Одри всё также упрямо смотрела в противоположную сторону и делала вид, что его голос – это надоедливый звук, который издавала муха.
Грант уставился ей в затылок, словно готовился просверлить там дыру. Нет, такого неповиновения он не видел уже несколько лет. Чтобы его указ был так нагло пропущен мимо ушей – это невиданное явление. Он привык, что его боятся. А страх в понимании Гранта – это высший уровень полного подчинения. Он лидер во всех смыслах, и об этом никто не должен был забывать. Тем более, юная рыжеволосая красавица.
Грант, стиснув зубы, схватил её за руку, резко разворачивая к себе лицом. Он всмотрелся в нефритовые глаза. Её лицо выражало презрение.

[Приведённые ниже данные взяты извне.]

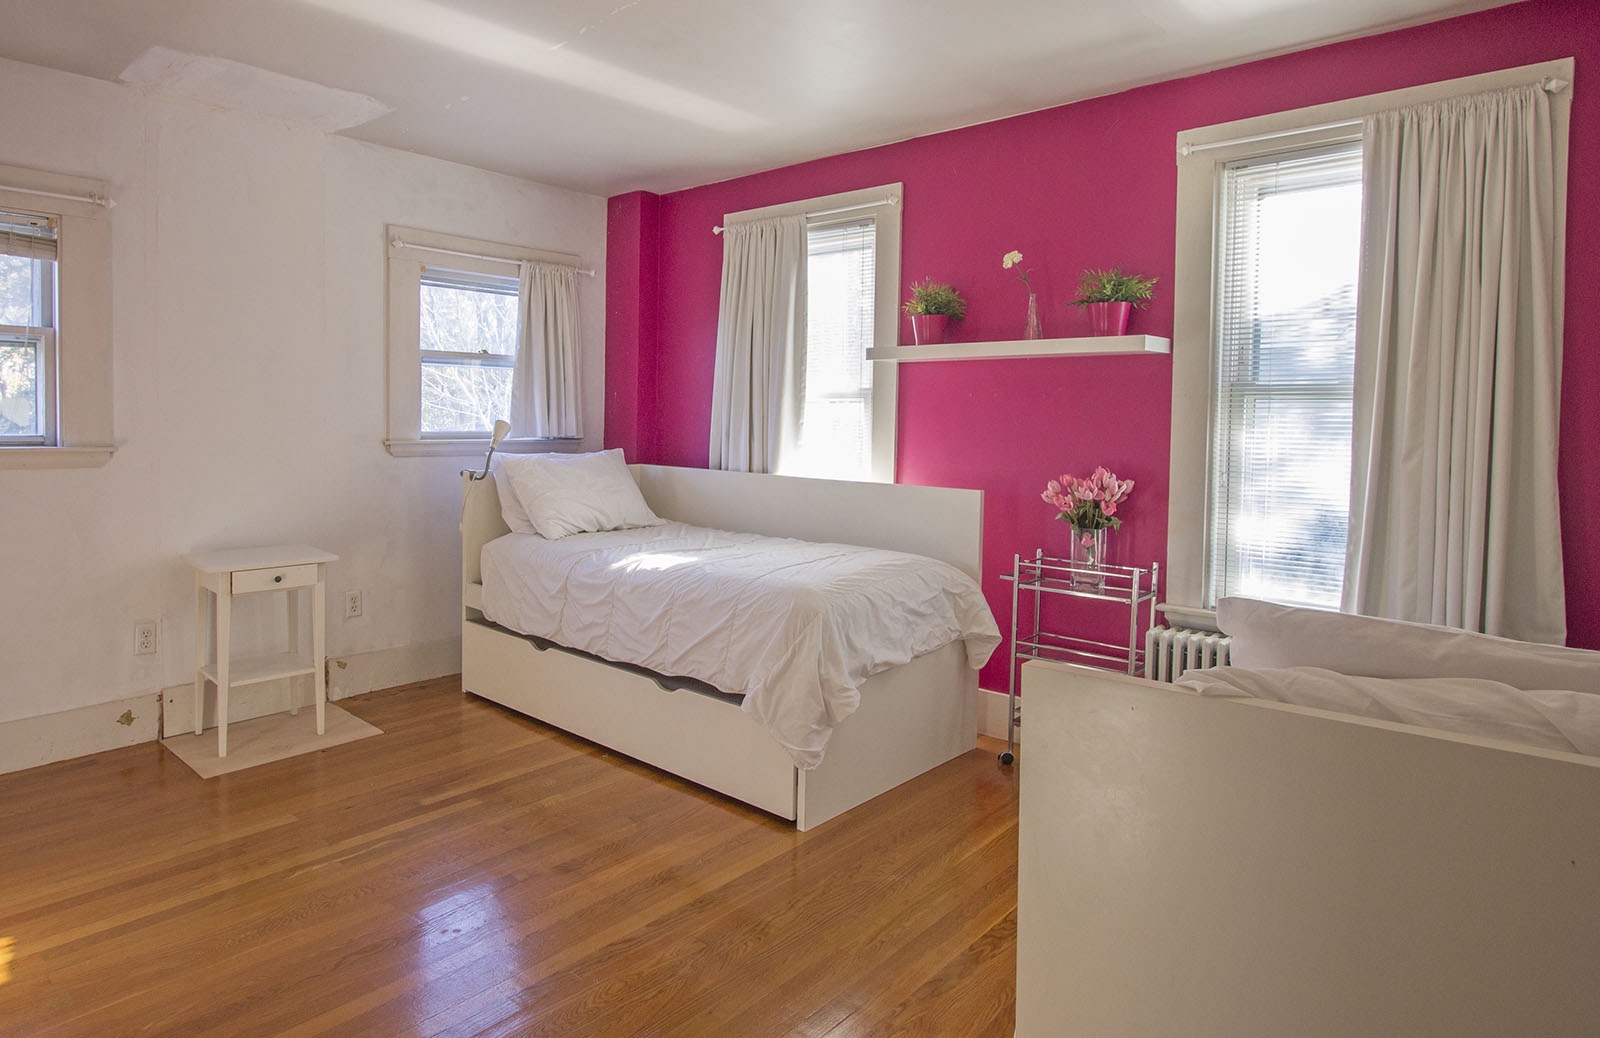 BR 3: A bright and sunny corner bedroom with twin beds.

Она горела огнем и никак не могла это скрыть.
– Не нужно так явно показывать, как сильно ты меня ненавидишь, – проговорил спокойно он, крепче сжимая её запястье. – Я осведомлен, что не вызываю в жертвах чувство умиления.
– Не могу иначе реагировать на того, кто является моим мучителем.
Грант лишь слегка улыбнулся, воспринимая её слова, как довольно спорное заявление.
– Я твой мучитель?
Она кратко кивнула, удивляясь, что он сам этого не понимает. Это ведь очевидно.
– Я бы хотел сейчас испытывать вину, но это звучит слишком сексуально, – он одним движением притянул её к себе, опуская холодный взгляд.
Одри ощутила, как бешено начало колотиться сердце, когда он вплотную прижал её к своему телу. Она набрала побольше воздуха в легкие, дабы набраться уверенности и попытаться хоть на мгновение перестать дрожать. Почему-то в самые неподходящие моменты её слабость стремилась проявиться, проиграв силе, исходящей от этого мужчины.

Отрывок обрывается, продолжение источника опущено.